# 2010 New Jersey Day 1 - 264, 6 Days - 592 Bears Taken on 6-Day Hunt, Despite Protests



## BornToHuntAndFish (Dec 9, 2010)

In case you did not hear about it . . . 



http://www.dailyrecord.com/article/...4-bears-on-first-day-of-controversial-NJ-hunt


NJ's bear hunt: Hunters kill 264 bears on first day of controversial NJ hunt

DECEMBER 6, 2010


----------



## johnweaver (Dec 9, 2010)

You kill animals.  You harvest corn.


----------



## TJay (Dec 9, 2010)

Good article.  Glad to see common sense prevail over the "bunny huggers".


----------



## BornToHuntAndFish (Dec 9, 2010)

*NJ 6-Day Total Update: Day 1 - 264, Day 2 - 341, Day 3 - 426, Day 4 - 441 Bears Total*

Here's another update on the 6-day bear hunt, so see web links below for all the details:  



http://www.njherald.com/story/news/07BEARHUNTDAY2

12/7/2010

As in the two previous bear hunts, there was a steep drop-off in the number of bears killed from day one to day two.

Hunters had checked in 77 bears Tuesday as of 5 p.m., bringing the total number of kills for the first couple of days of New Jersey's first bear hunt since 2005 to 341 animals.

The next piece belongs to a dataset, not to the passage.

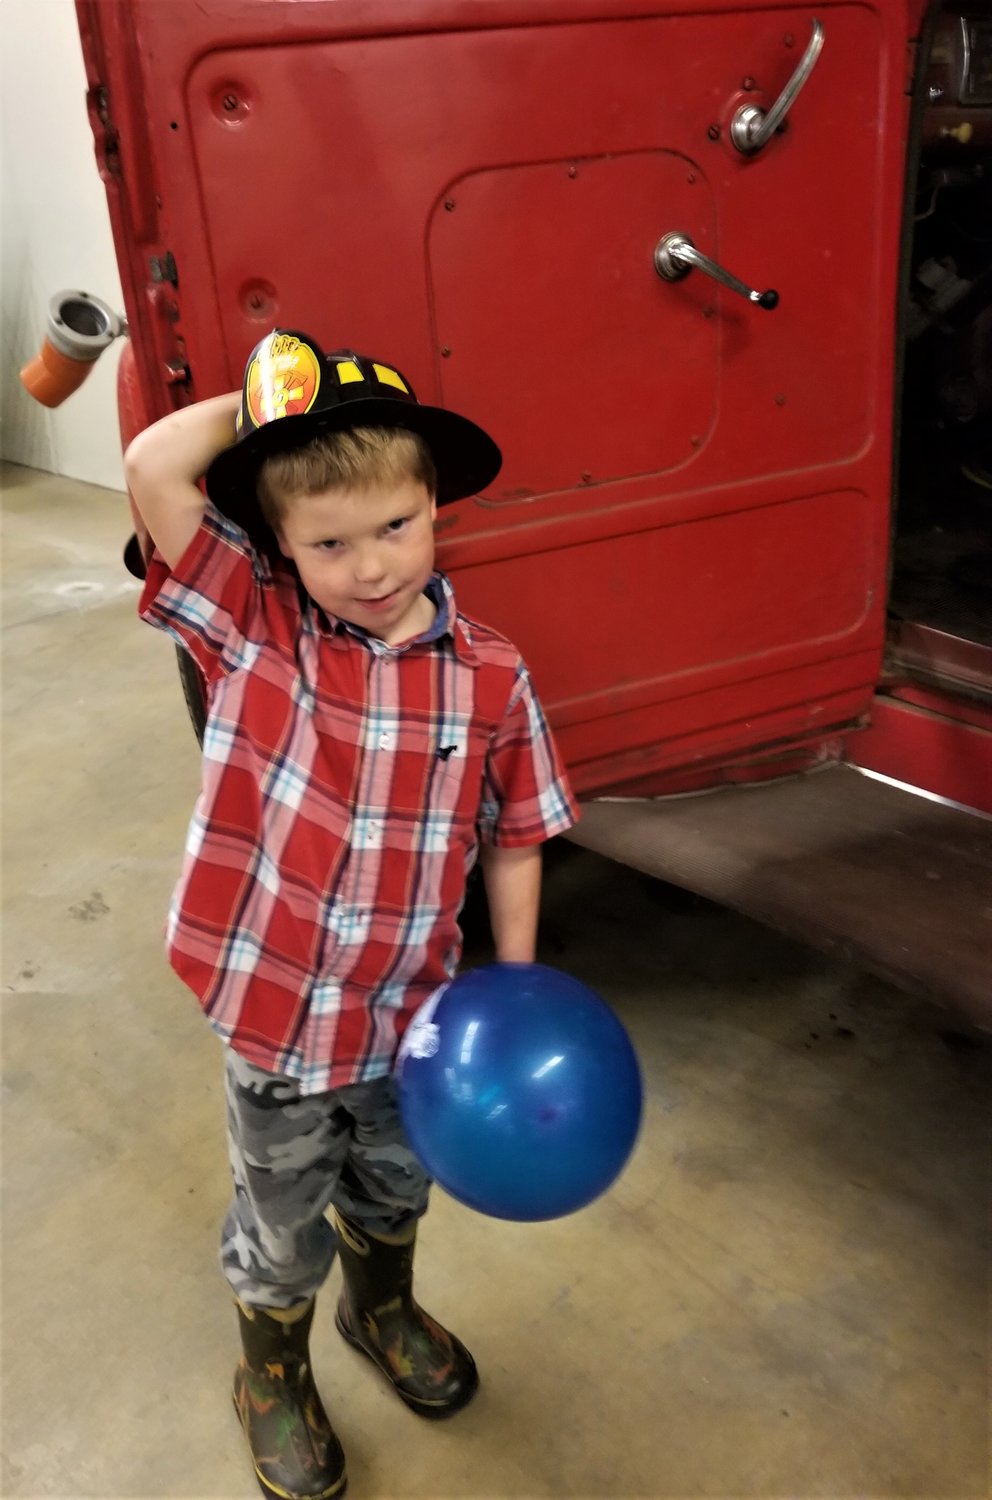 Evan Weckerling, son of Goodhue Fire Chief Derek Weckerling, enjoyed hanging out at the fire hall during the open house fund raising event on October 16th. 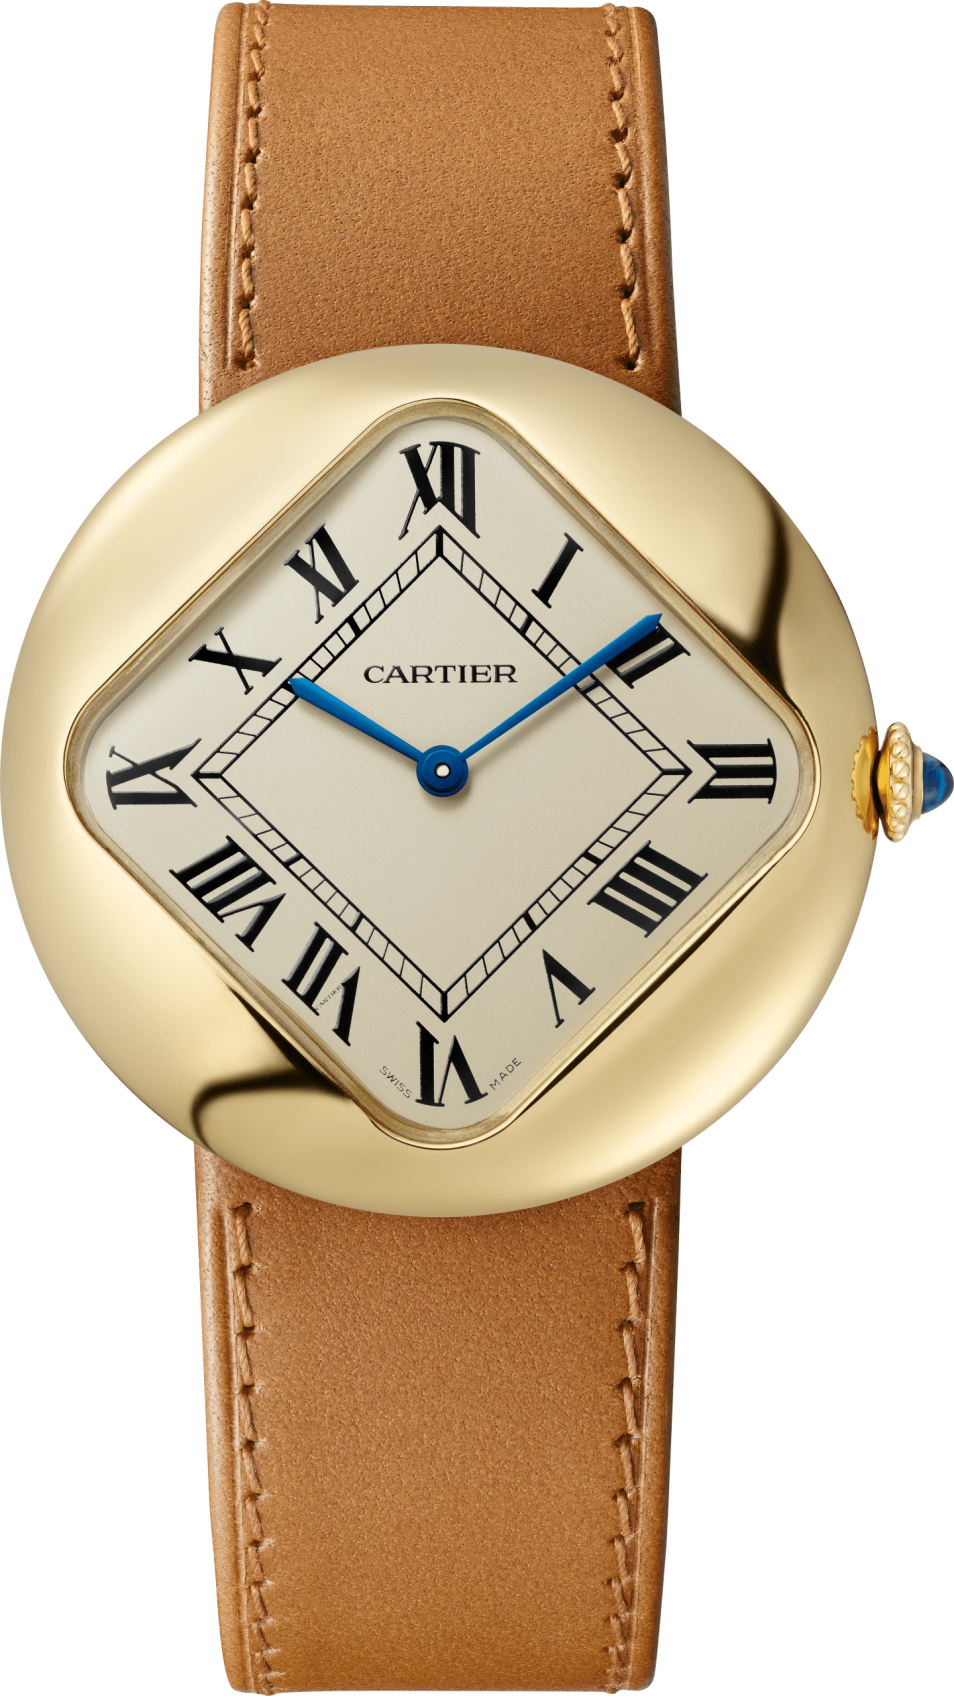 Taking a Second Look: The Perfect Replica Cartier Pebble

The largest bear to be killed through Tuesday weighed in at 661 pounds.


AND


http://www.nj.com/news/index.ssf/2010/12/record_number_of_bruins_killed.html

Record number killed during first 3 days of N.J. 6-day bear hunt

Published: Wednesday, December 08, 2010, 9:00 PM     

Updated: Thursday, December 09, 2010, 5:42 AM 


At least 426 bears were killed as of 5 p.m. today and the Department of Environmental Protection is expecting the number to climb — possibly to as high as 700, or even 1,000 — from the 7,800 permits issued for the first bear hunt since 2005.

The total number of bears targeted in this year’s hunt is based upon a percentage of select bears tagged by state environmental officials. When 25 percent of those 300 tagged bears are killed, the target has been reached, according to state officials.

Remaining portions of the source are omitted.